# Compressor takes too long to come on



## Teks (Apr 16, 2010)

Hello everyone!

I have a problem with my G.E. 2HP window type air conditioner.  It used to run fine around 6 months ago, but when I moved to another house, the unit was left unused in a corner of my garage until recently.  The unit's relatively new (less than 18 months old to date) and wasn't used very often.

Now, when its turned on initially, the compressor comes online immediately as soon as I select any of the cooling settings.  It runs normally for around 5 minutes or so then, the compressor cuts out like it would when it has reached the temp setting on the thermostat even if it isn't even anywhere near that setting, and regardless of whether the thermostat's turned all the way up, down, or anywhere in between.  The blower fan runs normally all the time though.

After it cuts out, it takes much longer than it should before the compressor comes on again, resulting in wild temperature swings.

I'm in the Philippines, and at present, the normal ambient temperature here runs at about 92-102 deg F.  I have the aircon's thermostat set to hold at around 85-88 degrees, give or take a couple.  With the compressor acting up like I described above, the temperature in my room swings from a low of around 87 degrees to a high of almost a hundred.

There are no loose wiring connections, and the caps are fine. I suspected the thermostat to be the culprit but a simple continuity test with a multimeter showed it was working fine, or at least it had continuity.  The switches are all fine too.  The system has never been repaired, refilled with refrigerant, nor has any of the tubing been opened since it came out of the factory, so I guess that rules out contaminated refrigerant.  The hot air that comes out the back when the compressor's running seems normal too.  The cooling coils are clean, front and back.  No rattling, humming, hissing or any unusual sound or vibration can be heard or felt.  Voltage at the outlet where the unit's plugged in is also nominal.

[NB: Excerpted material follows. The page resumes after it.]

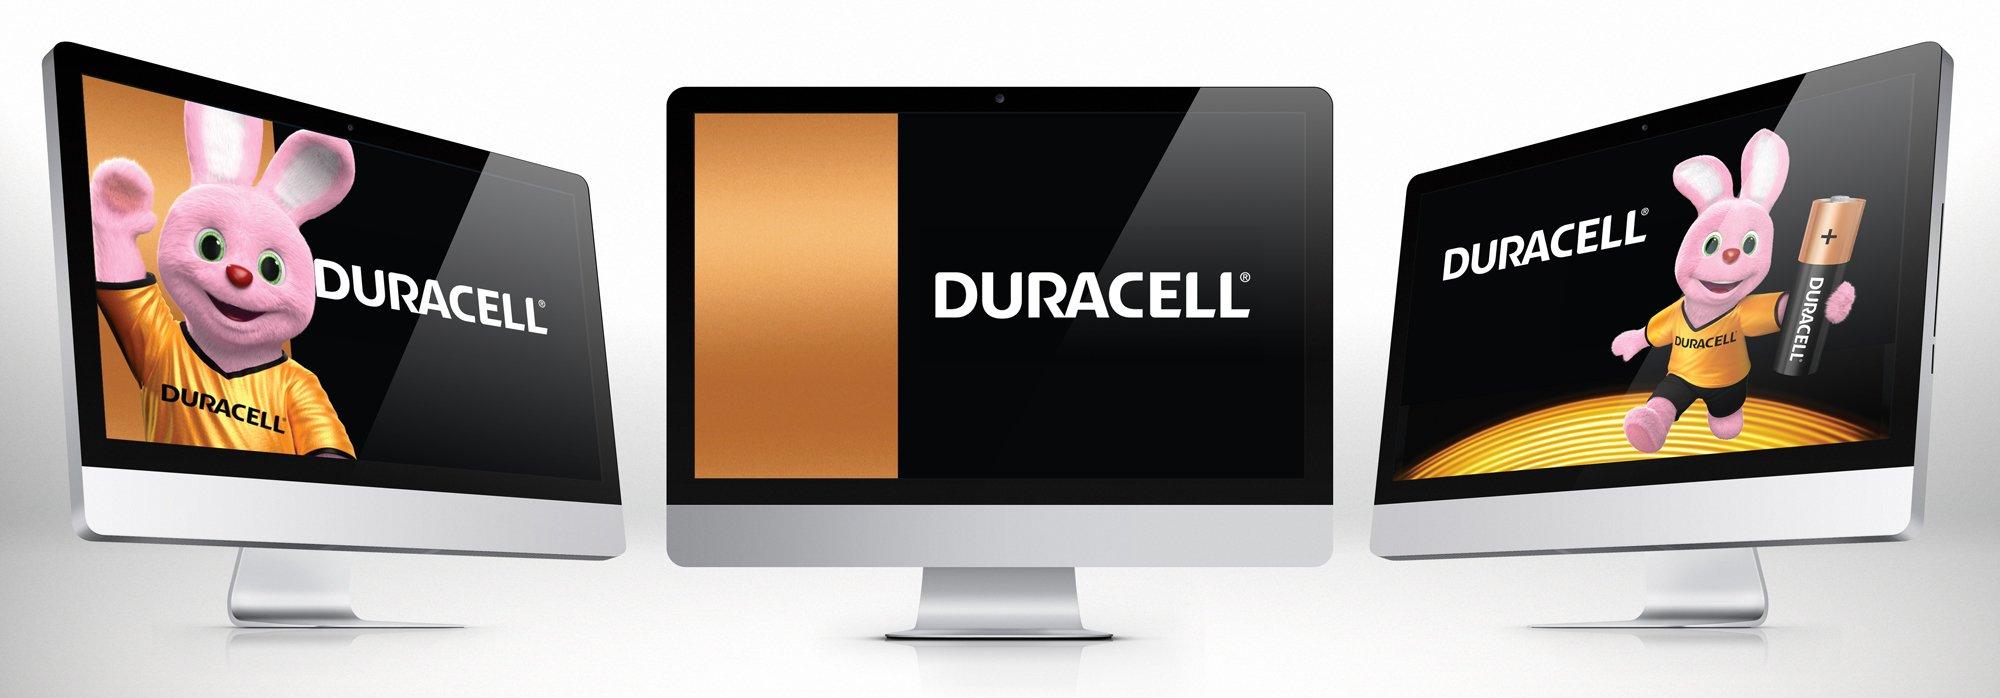 Duracell-ss-Mac1

Also, when the compressor's running, I noticed that there are around 6 (3 pairs, one pair at the top, one pair around the middle and the third pair near the bottom) of the pipes going to the cooling coils in front of the AC had a (very) thin layer of frost that went away as soon as the compressor cuts out.  Does that layer of frost mean anything?

I hope someone can give me advice on what to check, or maybe his opinion on what could be wrong with this thing.  Any advice, suggestion, opinion, theory, or even an educated guess would be very much appreciated...

Thank you.


----------